One of the neat things about Erlang is its instrumentation capability. You can instrument programs to tell you interesting things about what is happening in the program. This blog post is about a tool by Mats Cronqvist, redbug.

Redbug can be downloaded from github and is part of Mats’ eper suite of tools. Installing the tool is easy. I recommend to set the $ERL_LIBS environment to something. Mine is set at:

   jlouis@illithid:~$ env | grep ERL_LIBS
  ERL_LIBS=:/home/jlouis/lib/erlang/lib

so I can just drop Erlang libraries I use on-and-off into that directory and they will be picked up by any Erlang I run. It is not a good solution when you are building software with dependencies, but for smaller tools used by you, like eper or Erlang QuickCheck, this mechanism is really good.

Installing eper should be fairly simple.

Redbug invocation

Redbug can either be called from the command line. There is a redbug shell script you can call or you can call it from the Erlang shell. The main invocation is like this,

   redbug:start(TimeOut, MessageCount, MS)

where TimeOut is a timeout in milliseconds at which redbug ceases to operate, MessageCount sets a limit to how many reports redbug is going to make, and MS is a match-spec matching trace points in the program. There are several possible ways to write MS and I am only going to give some simple examples to get you started. The tool is self-documenting and you can call

   redbug:help().

from a shell and get the whole story.

The timeout and messagecount limitation is very useful. Erlang has a built-in tracer on which redbug is built. But contrary to the built-in tracer, redbug protects the running system by the limitations. You can’t hose the system by accidentally set a specification which hoards all of the resources on the Erlang node.

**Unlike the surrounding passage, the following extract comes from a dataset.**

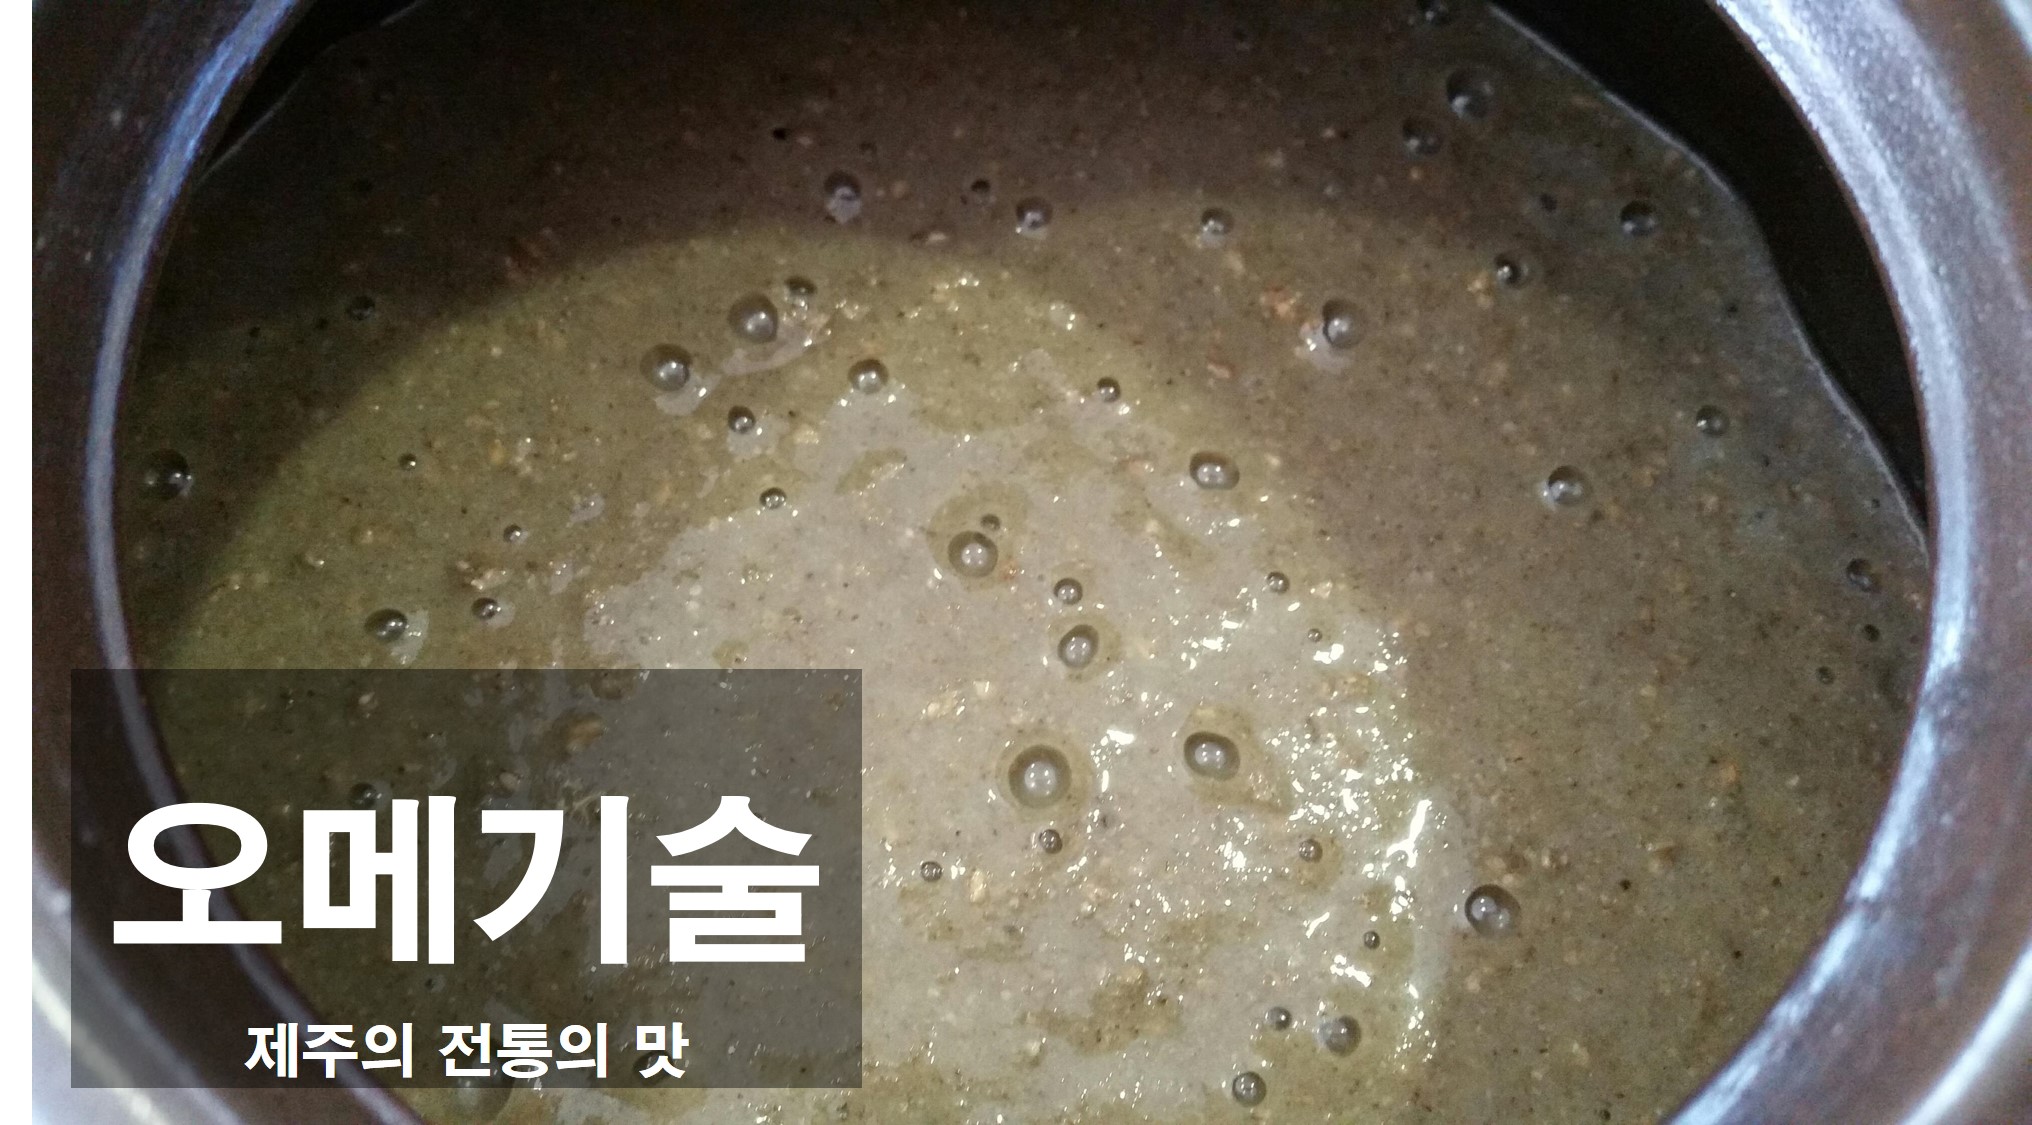 전통식문화 계승활동지원 『발효음식 과정』교육 (4회차)

A typical MS is written like {erlang,now,[return,stack]}. This states we are tracing for the erlang:now call of any arity. When we match, we want the current stack printed and we want the return value of the call:

  22> redbug:start(100000, 2, {erlang,now,[return,stack]}).
 ok
 23> erlang:now().

 22:40:12 <{erlang,apply,2}> {erlang,now,[]}
 {1290,289212,474520}
  shell:eval_loop/3
  shell:eval_exprs/7
  shell:exprs/7

 22:40:12 <{erlang,apply,2}> {erlang,now,0} -> {1290,289212,474520}
 quitting: msg_count
 24> erlang:now().
 {1290,289219,57040}

Notice the quitting: msg_count which states after two messages from redbug, it will cease to do any further tracing. In general, the MS can also be written like, e.g., {module,function,[return,{'_', 42}]} stating that we accept any call matching module:function(_, 42) and gets its return stack.

A real-world bug hunt

Redbug means you don’t in general have to add a lot of debug-printing to your Erlang code. Rather, it is easier to probe systematically with redbug on a running system. I was wondering why a recent patch in etorrent seemed to work incorrectly, so we go hunting:

(etorrent@127.0.0.1)26> redbug:start(10000, 2, {etorrent_choker, split_preferred, [return]}).
ok
22:47:32  {etorrent_choker,split_preferred,[[]]}
22:47:32  {etorrent_choker,split_preferred,1} -> {[],[]}
quitting: msg_count

This choker call should not be passed the empty list, so we look into the code and find that the rechoke_info builder right before it is odd:

(etorrent@127.0.0.1)29> redbug:start(10000, 30, {etorrent_choker, build_rechoke_info, [return]}).
[..]
22:49:22  {etorrent_choker,build_rechoke_info,2} -> []
22:49:22  {etorrent_choker,build_rechoke_info,1} -> []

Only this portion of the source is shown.